As I predicted in my interminable post here, there was a dissent from denial of cert. But the dissent most certainly did not come from the person I thought was “the favorite candidate” (Justice Stevens) to write it, or even the alternate I identified (Justice Breyer), but from Justice Thomas, joined by Justice Scalia. He wrote that the Court should have taken the case to

provide much-needed guidance on two important issues with which the political branches and federal courts have struggled since we decided Boumediene [v. Bush, 128 S. Ct. 2229 (2008) (which invalidated section 7 of the MCA, holding it violated the Suspension Clause)]. The first is the extent, if any, to which provisions like Section 5 affect 28 U. S. C. §2241 in a manner that implicates the constitutional guarantee of habeas corpus. The second is whether the Geneva Conventions are self-executing and judicially enforceable.

He then identified several cases that implicated those issues and related ones.

So the question is: why couldn’t Justices Thomas and Scalia attract the votes of Justices Stevens, Ginsburg, Breyer, or Sotomayor to grant? Or the Chief or Justice Alito, for that matter? There are arguments for why the case does not meet the traditional criteria for certiorari, in that Noriega is the only person in the United States who has been declared a POW. But Thomas makes a strong enough argument for the case’s ongoing relevance that it at least raises a question why Stevens and some of his colleagues on the Court’s left didn’t vote in favor of a grant because of the case’s relevance to ongoing detainee litigation.

It’s an obvious instance where someone might say it’s a “defensive denial,” where Justices don’t “want to risk granting a case in which, at the end of the day, they might not prevail.” (See this article for a discussion of “defensive denials.”) Generally, I’m skeptical of cert theories that attempt to explain denials as reflecting strategy rather than the simple application of traditional cert critera, but the thought crossed my mind in this case.

Categories: Supreme Court, War on Terror    

    11 Comments

    1. Maureen says:

      NorIEga.

    2. Anonsters says:

      Generally, I’m skeptical of cert theories that attempt to explain denials as reflecting strategy rather than the simple application of traditional cert critera, but the thought crossed my mind in this case.

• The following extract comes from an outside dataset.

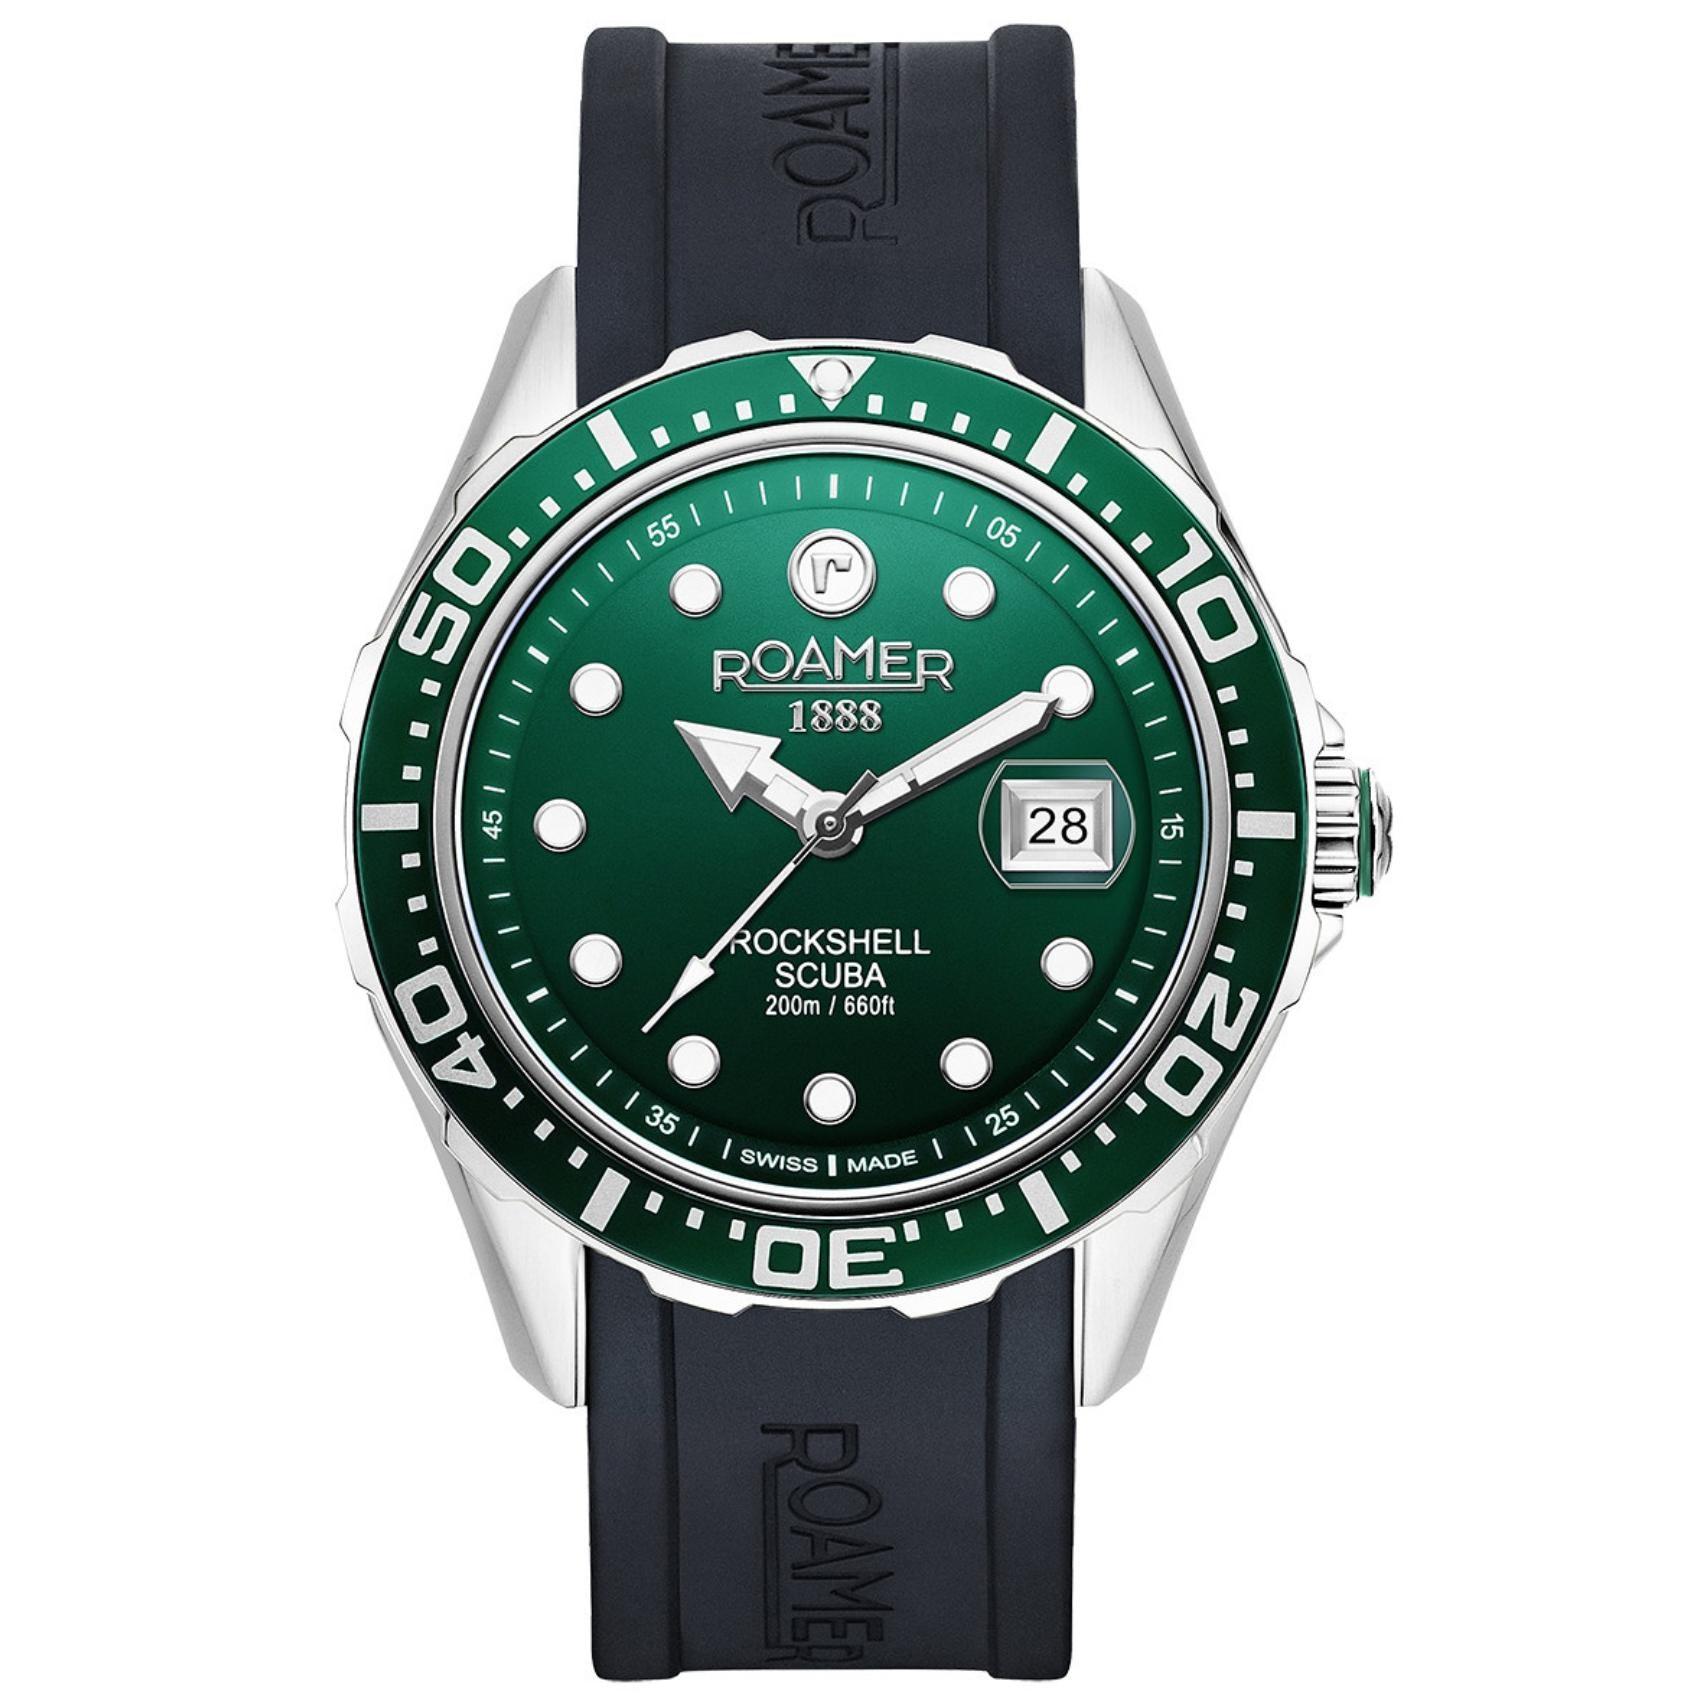 Καταδυτικό ρολόι Rockshell Mark III Scuba 867833-41-75-02 με μαύρο καουτσούκ λουράκι, πράσινο καντράν με τζαμάκι από ζαφείρι και στεφάνι διαμέτρου 45mm αδιάβροχο στα 200M.

      Then how do you explain the way the Court handled cert for Boumediene itself?

    3. Chris Travers says:

      Where can we find the denial of cert along with the dissent?

    4. John Elwood says:

      It’s right there at the start of the opinion.

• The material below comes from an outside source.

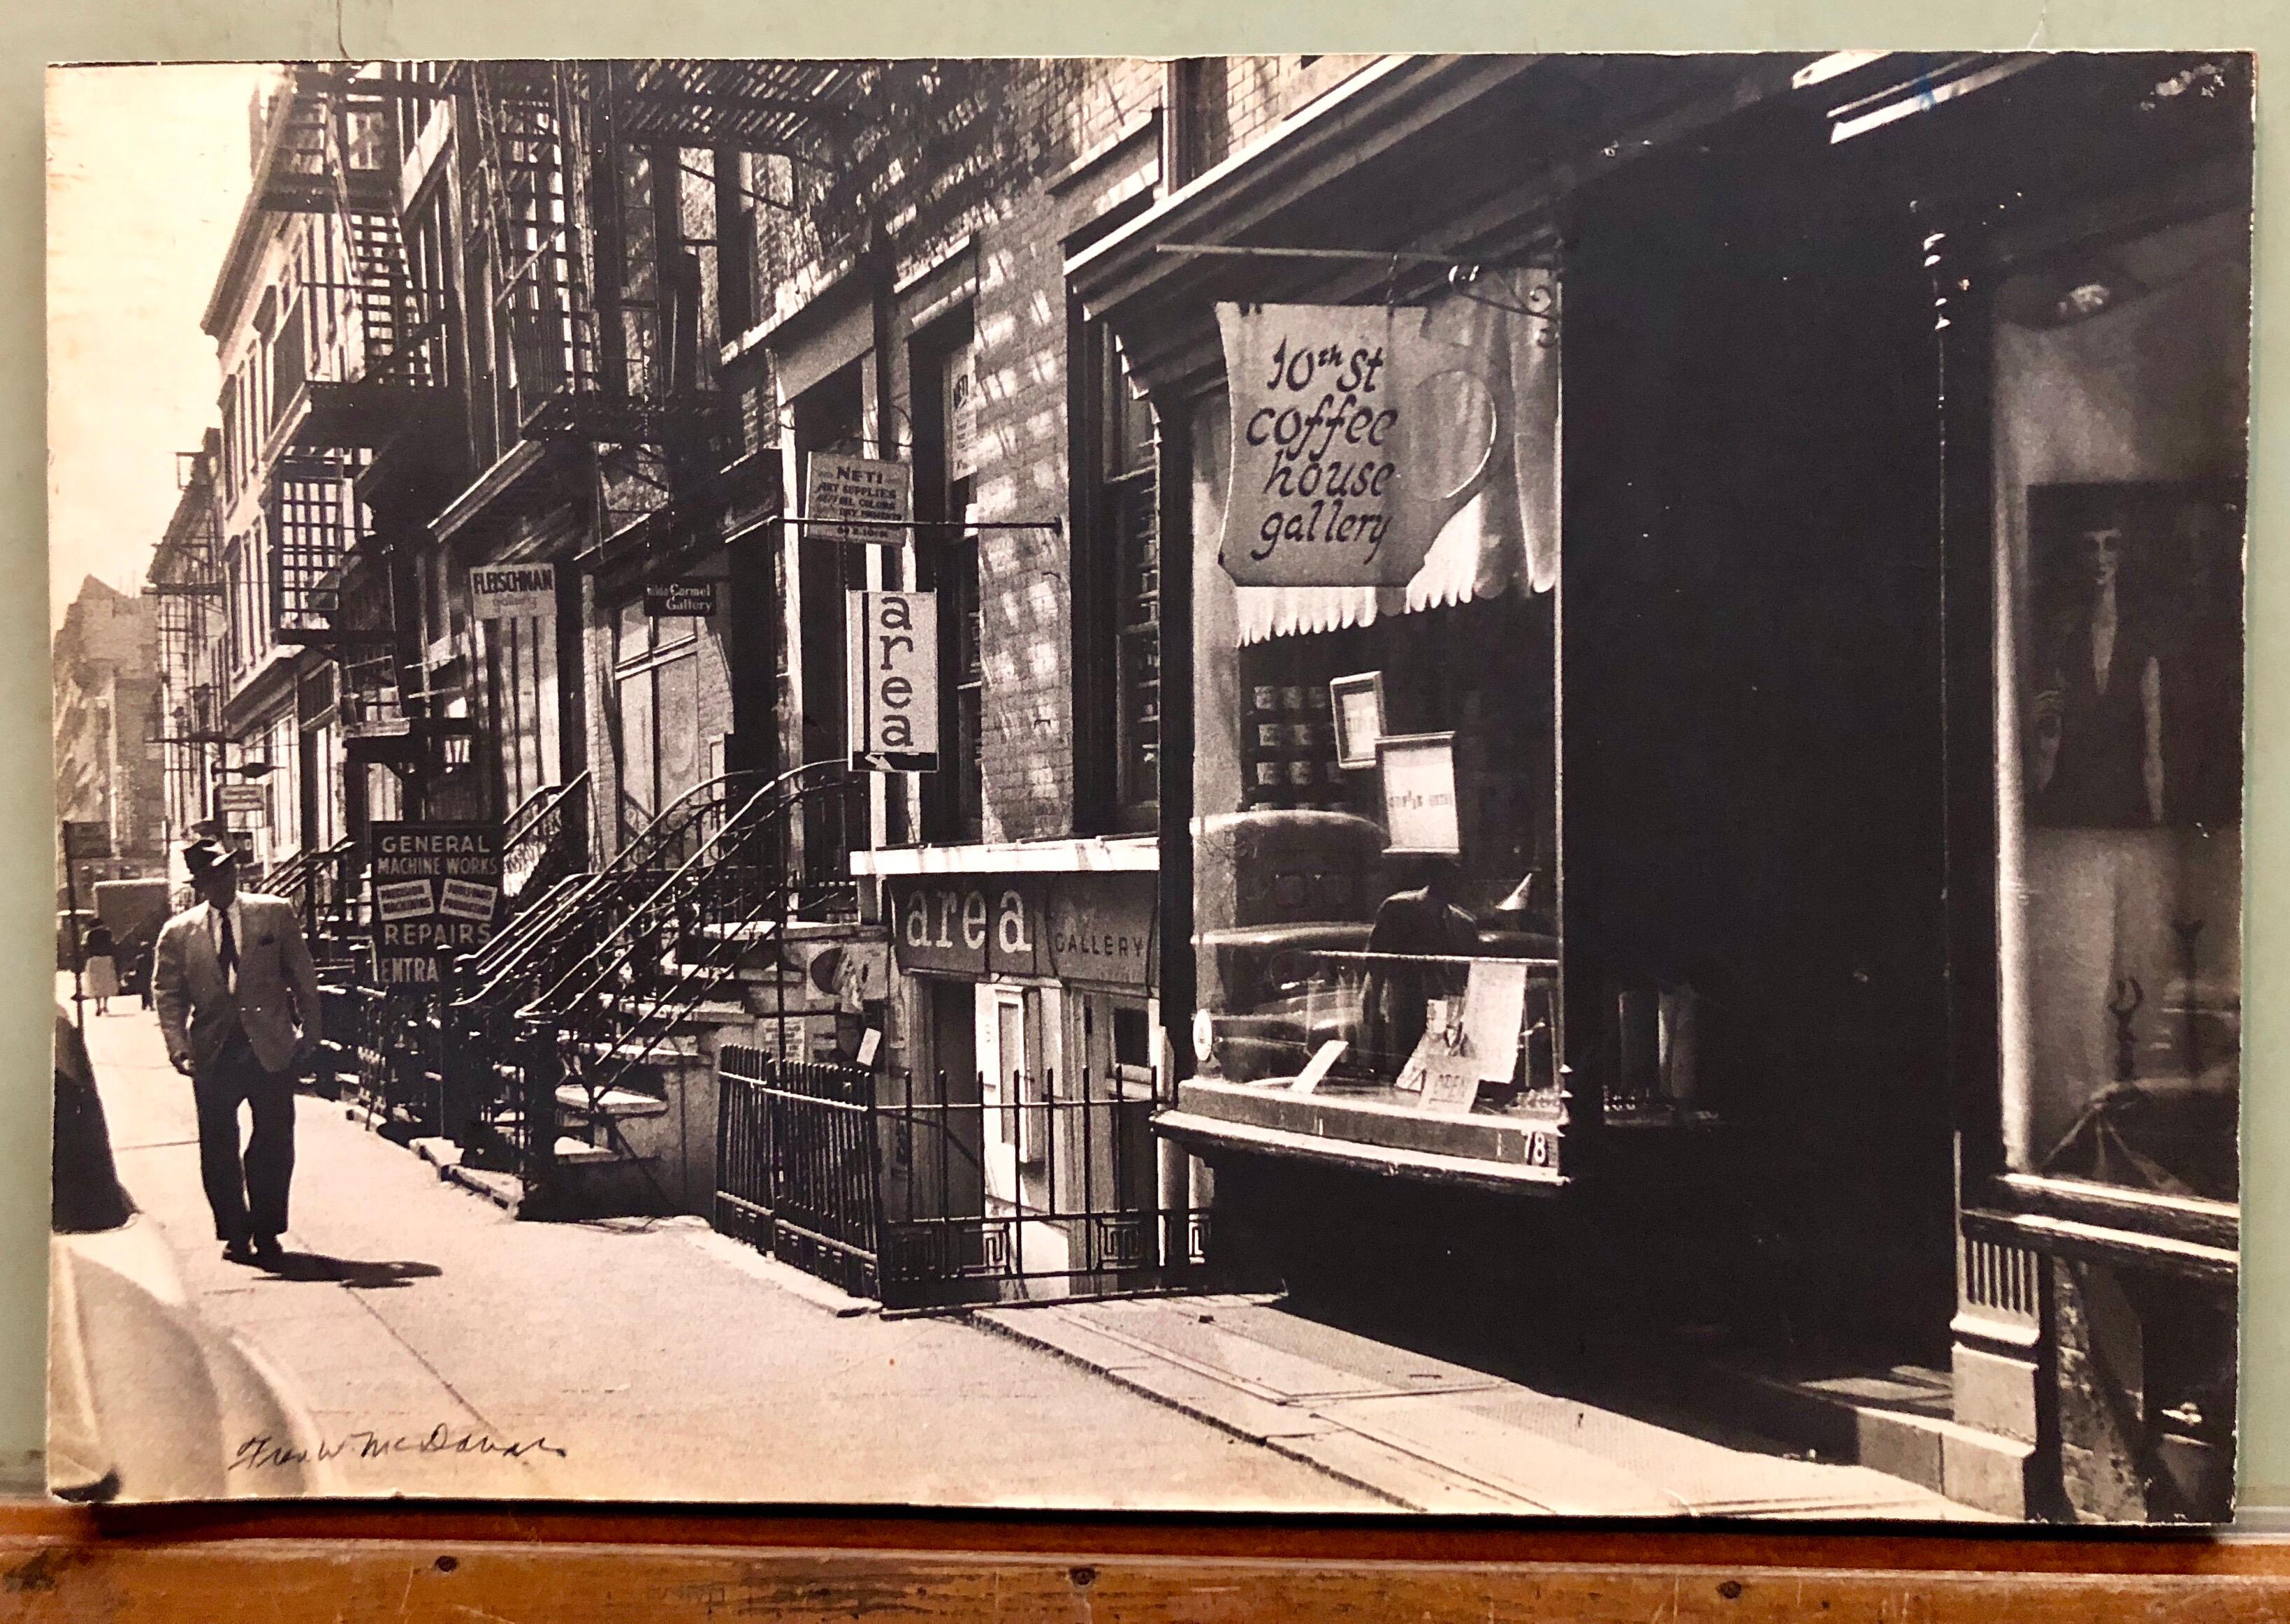 Großer Vintage-Silber-Gelatine-Druck, signierte Fotografie, Greenwich Village, New York – Photograph von Fred McDarrah

      Chris Travers: Where can we find the denial of cert along with the dissent?

    5. Anderson says:

      It’s an obvious instance where someone might say it’s a “defensive denial,” where Justices don’t “want to risk granting a case in which, at the end of the day, they might not prevail.”

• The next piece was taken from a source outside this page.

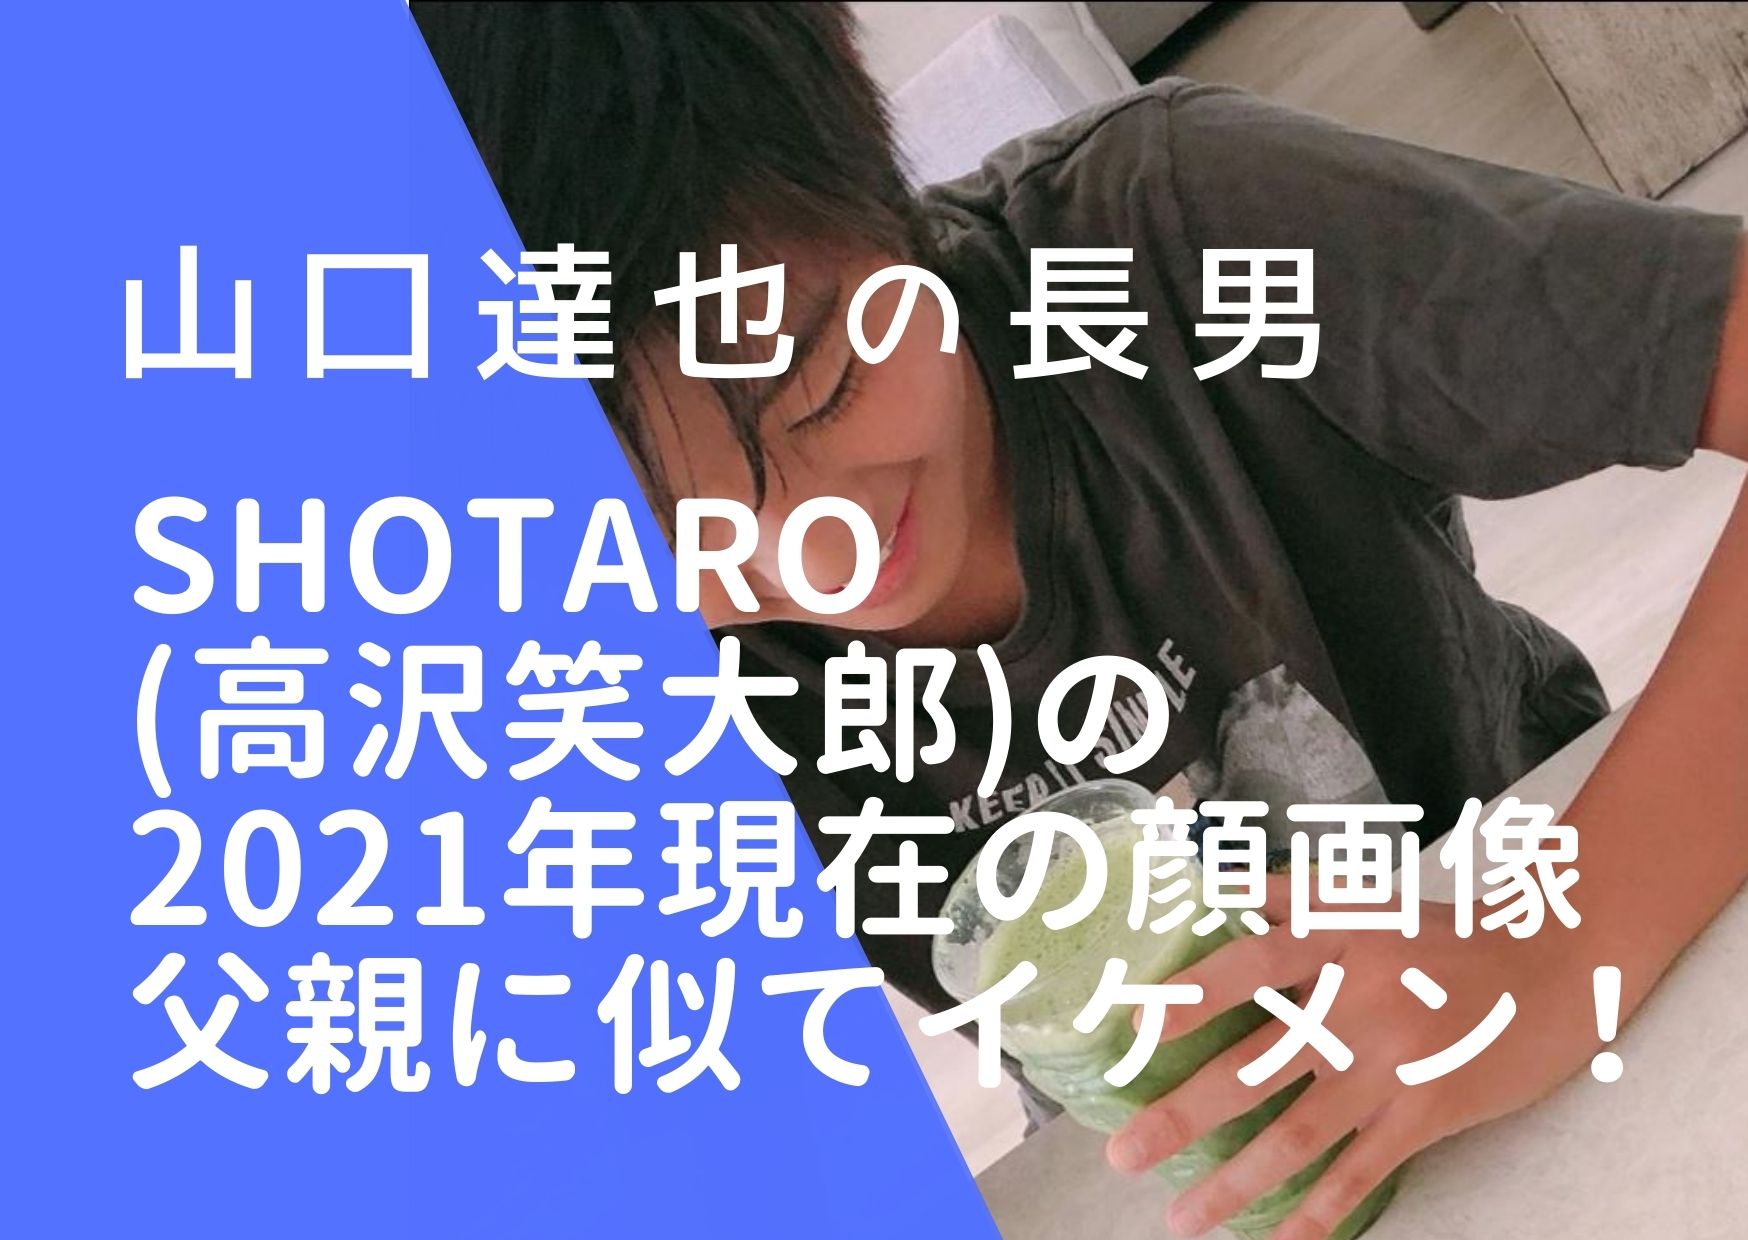 Shotaro(高沢笑大郎)の顔画像

      “Obvious” was my thought as well.

    6. wlpeak says:

      Noriega is being held as a POW? Did I read that correctly?

    7. Chris Travers says:

      John Elwood: It’s right there at the start of the opinion.

      Couldn’t find the opinion though until I checked on ScotusWiki.

    8. Ricardo says:

      wlpeak: Noriega is being held as a POW? Did I read that correctly?

      Yes, he petitioned for POW status and the government did little to object at the time so he is formally considered a POW.

    9. PersonFromPorlock says:

      After relisting the case a whopping ten times….

      Ibbity-ibbity-ibbity-ibbity-ibbity-ibbity-ibbity-ibbity-ibbity-ibbity-NOPE!

      Ah, moral courage!

    10. The Volokh Conspiracy » Blog Archive » Dorf on Thomas on Noriega says:

      [...] Elwood blogged on the Noriega case here. Categories: Supreme Court, War on [...]

    11. SCOTUSblog » Tuesday round-up says:

      [...] to resolve outstanding ambiguities in recent “enemy combatant” habeas corpus cases.  At the Volokh Conspiracy, John Elwood expresses surprise that none of the Court’s liberal wing shared these sentiments and [...]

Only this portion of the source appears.